----- DATA
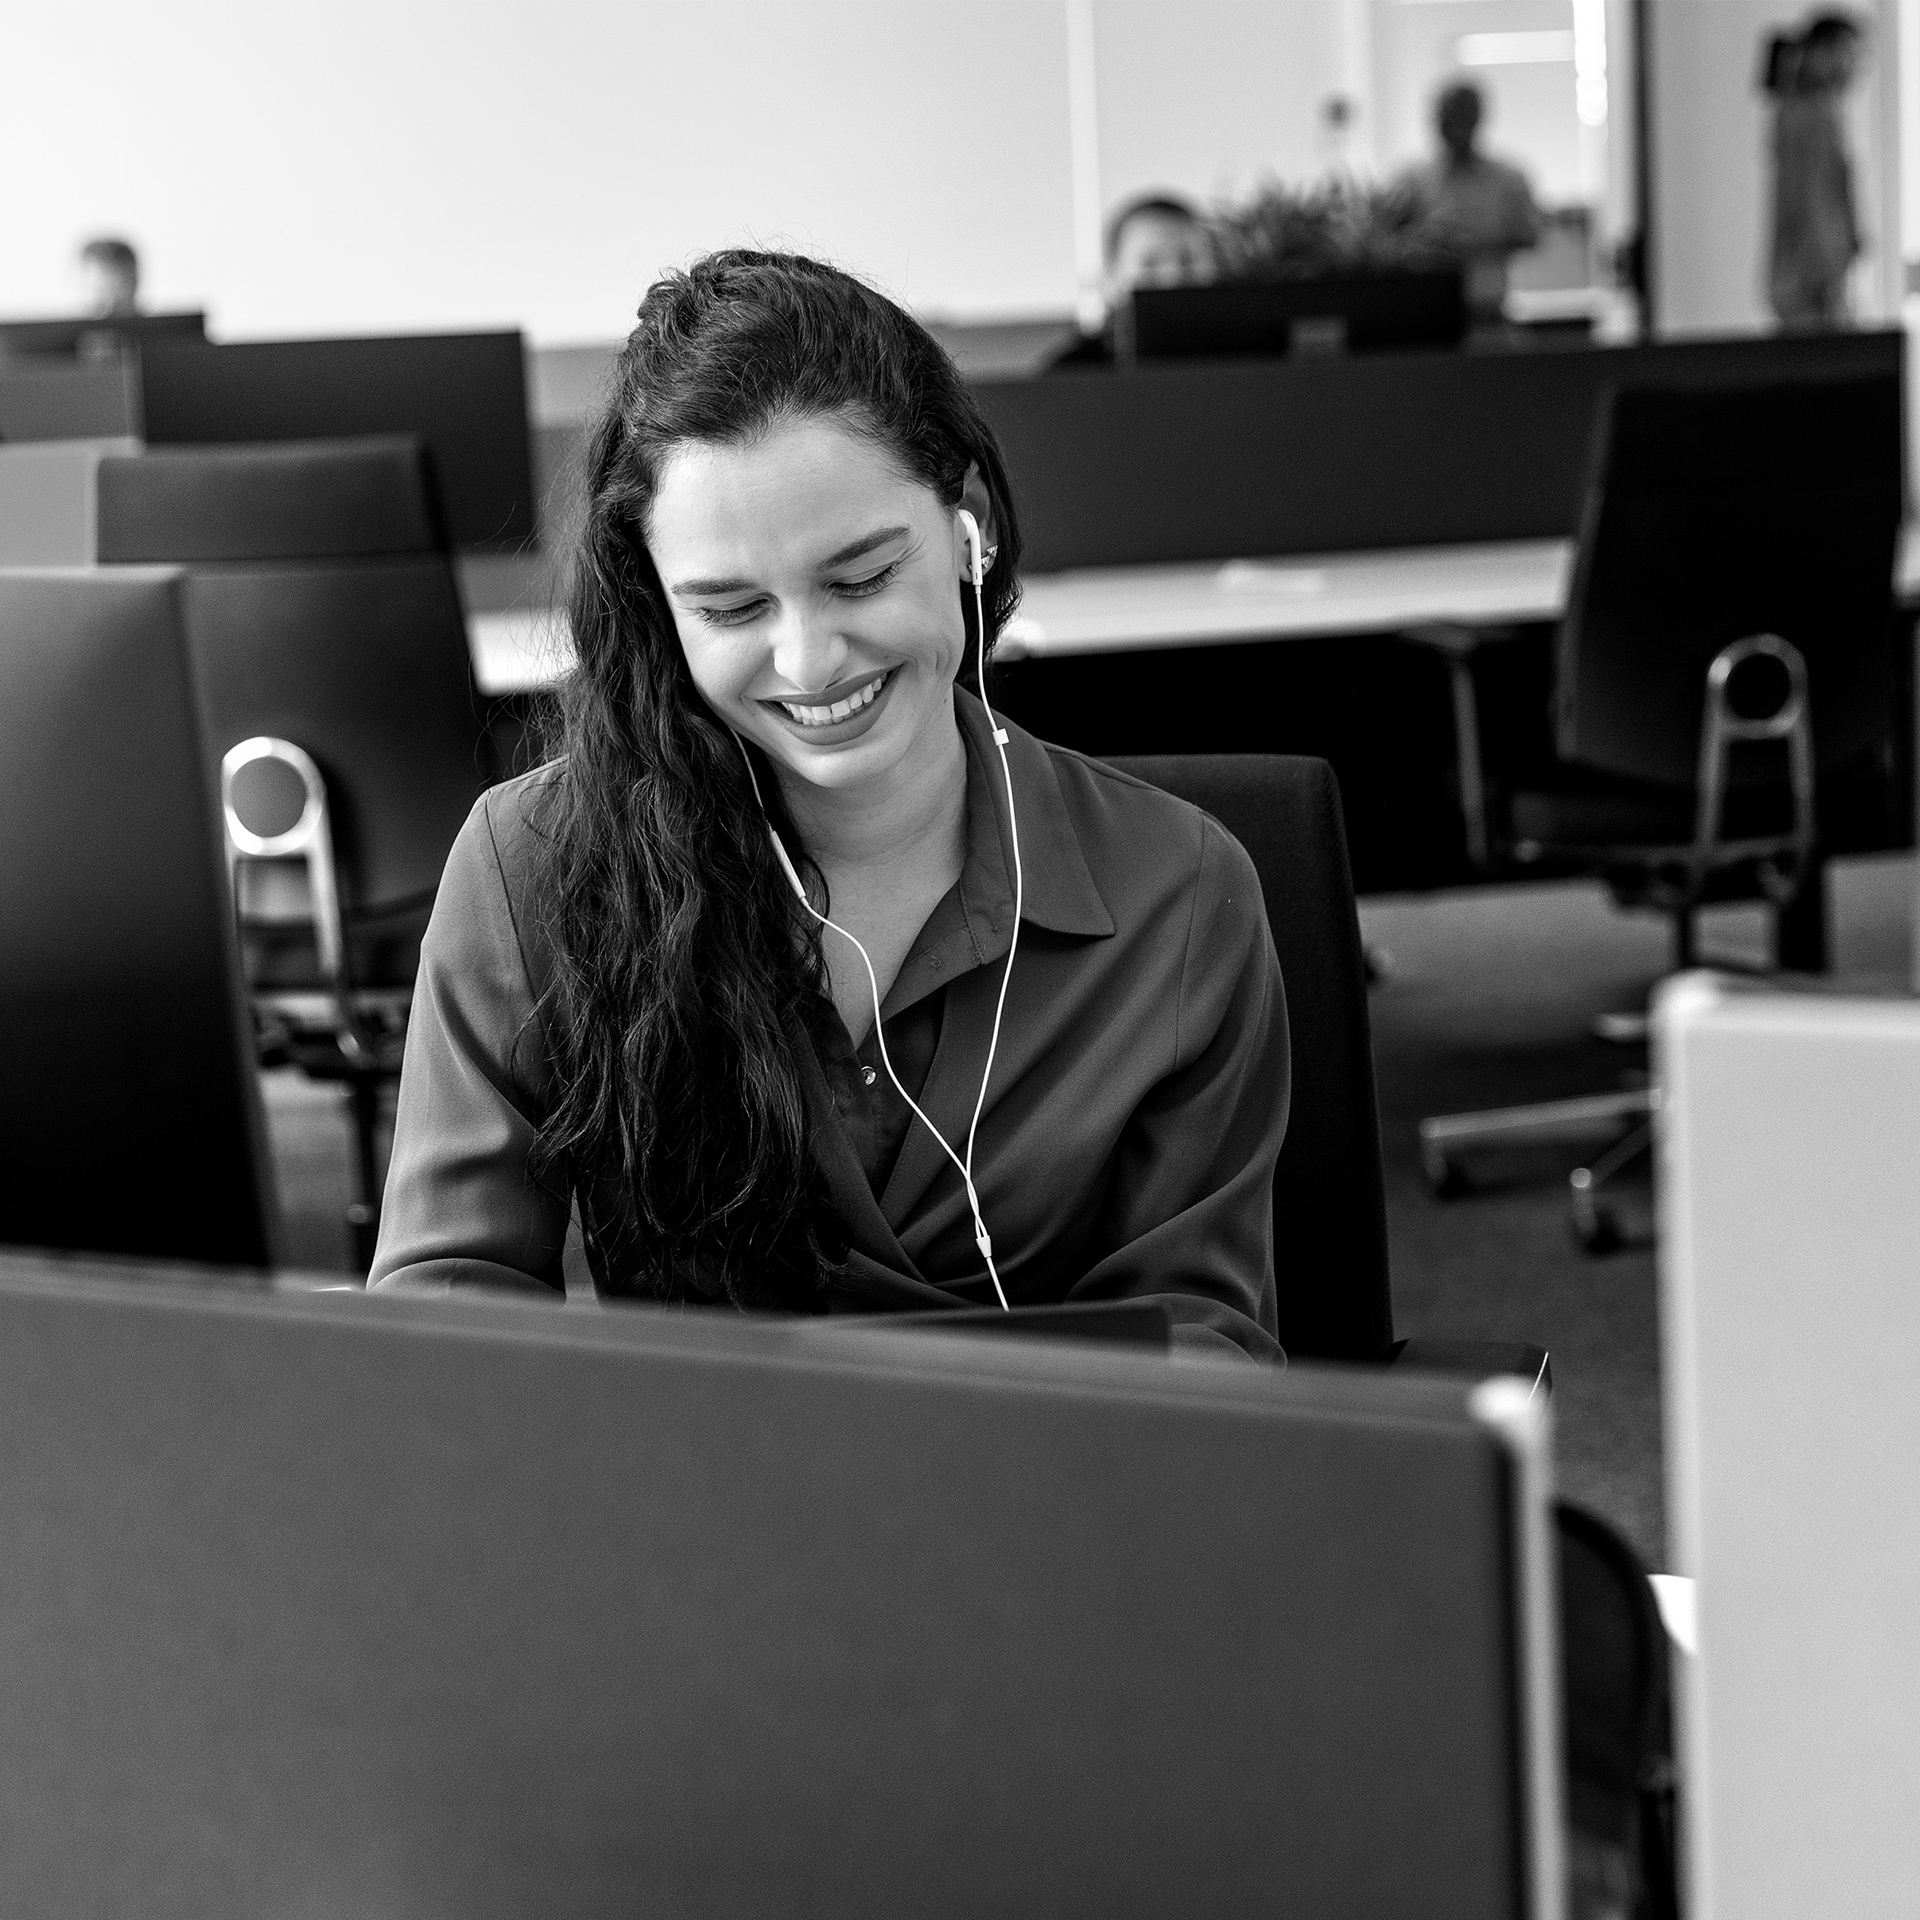 woman sitting at desk with headphones smiling
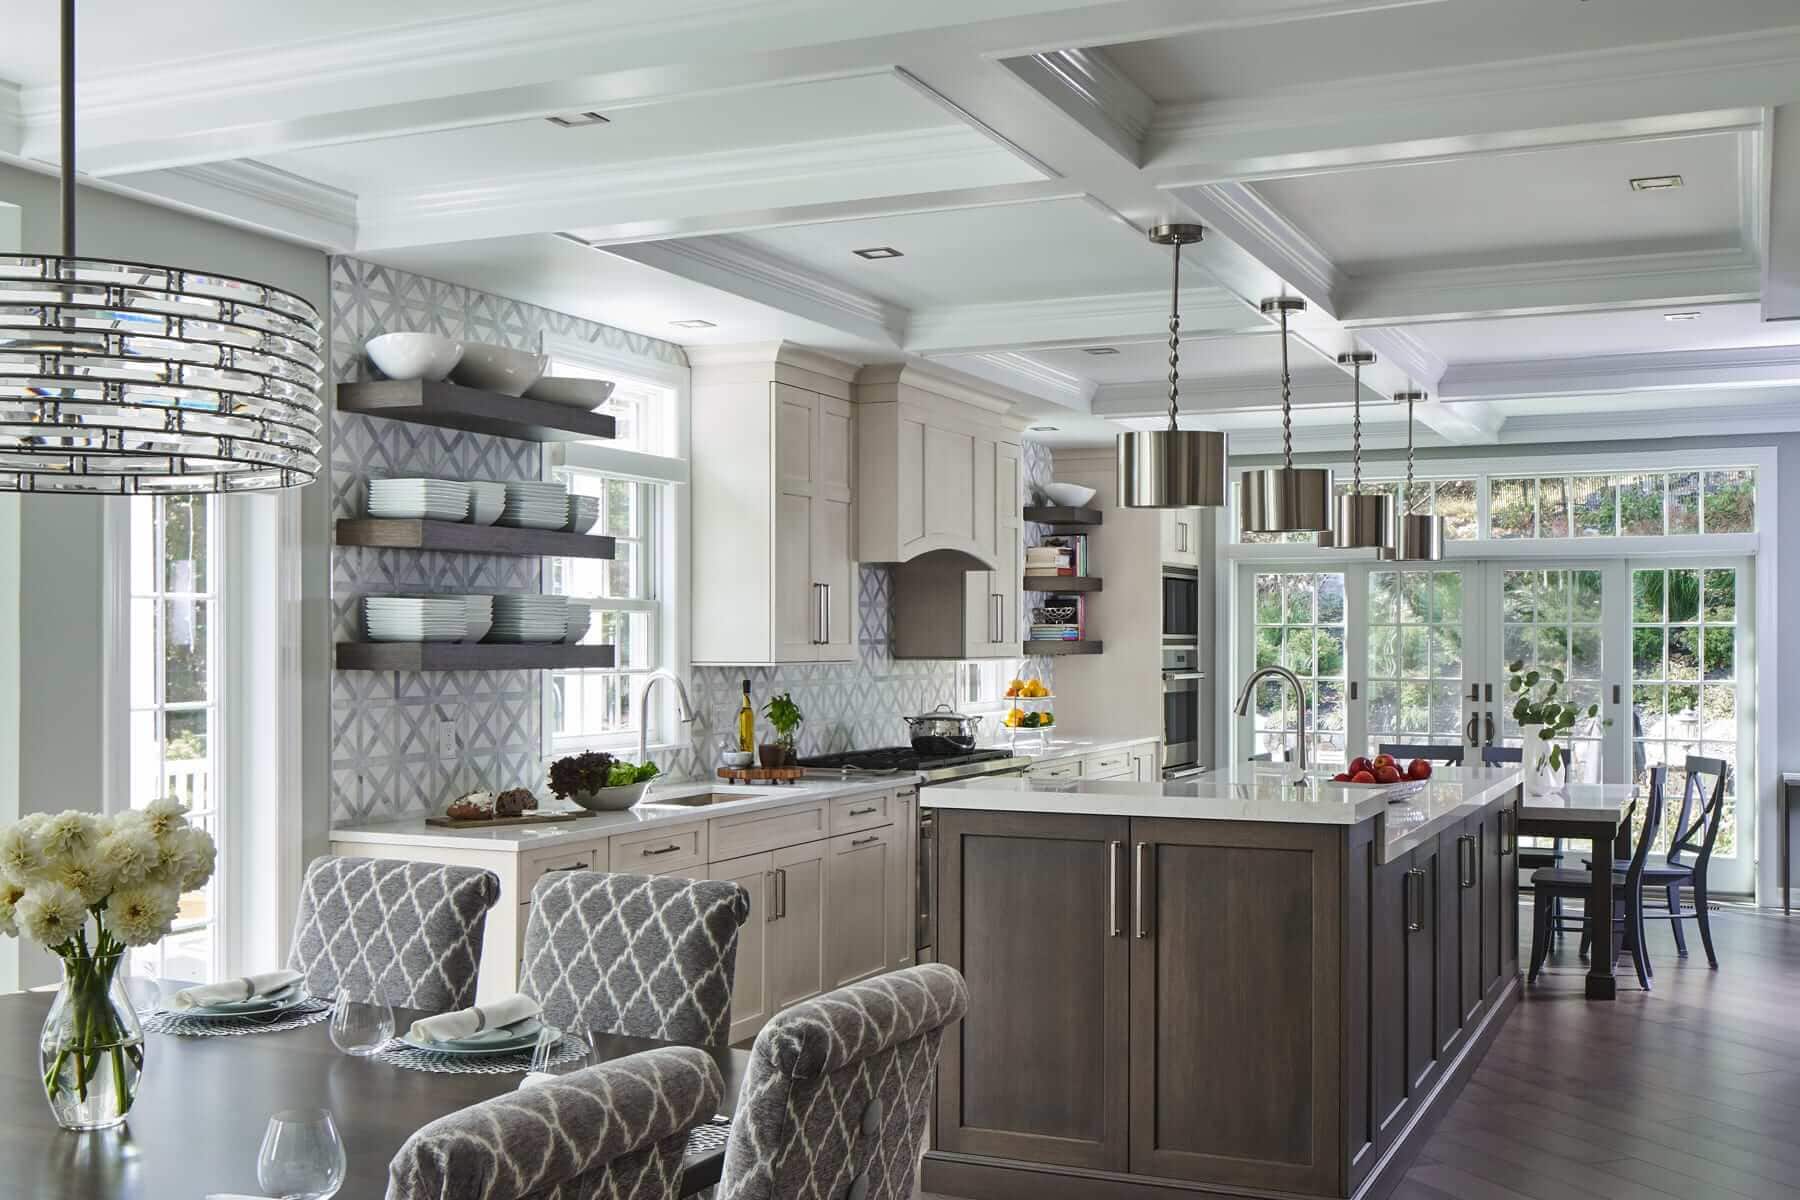 Elegant kitchen with large eat-at island in Benjamin Moore's Vale Mist.
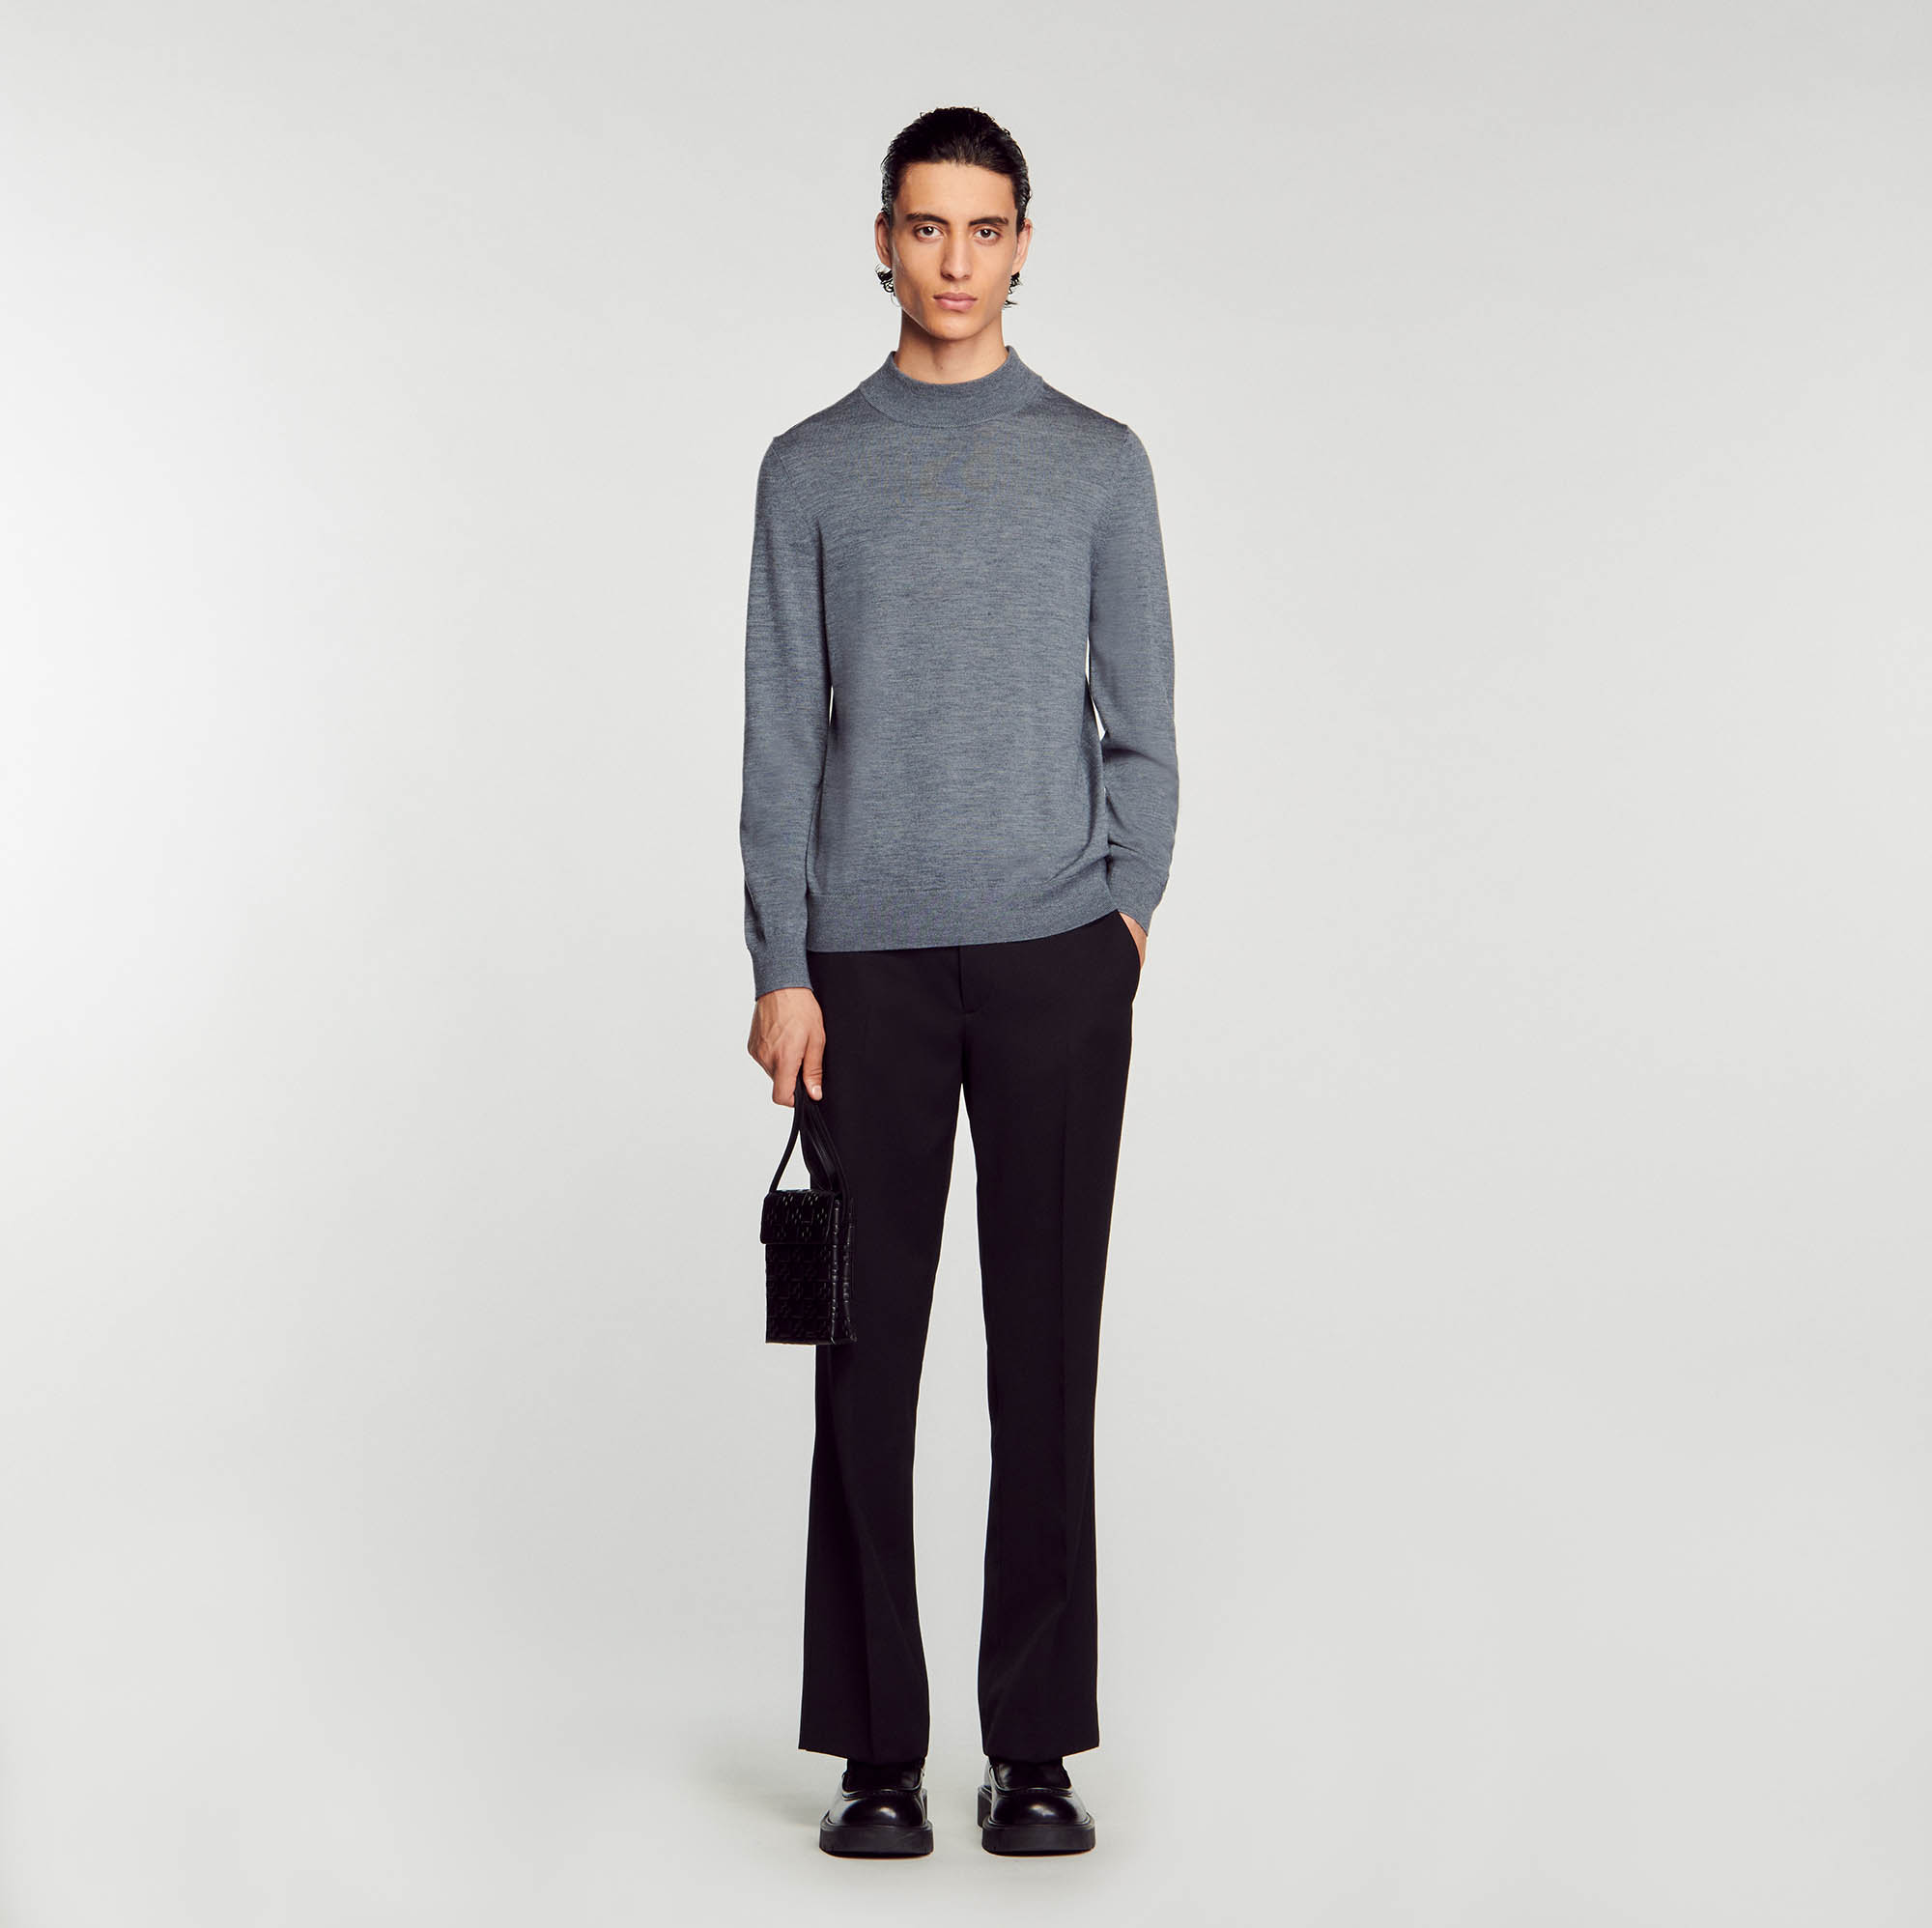 Sandro wool Collar: Wool sweater with long sleeves and a funnel neck
----------
WHAT IS EXPECTED
Your answer must be the full listing, word for word, minus any images.

YOUR RESPONSE
 woman sitting at desk with headphones smiling
 Elegant kitchen with large eat-at island in Benjamin Moore's Vale Mist.
 Sandro wool Collar: Wool sweater with long sleeves and a funnel neck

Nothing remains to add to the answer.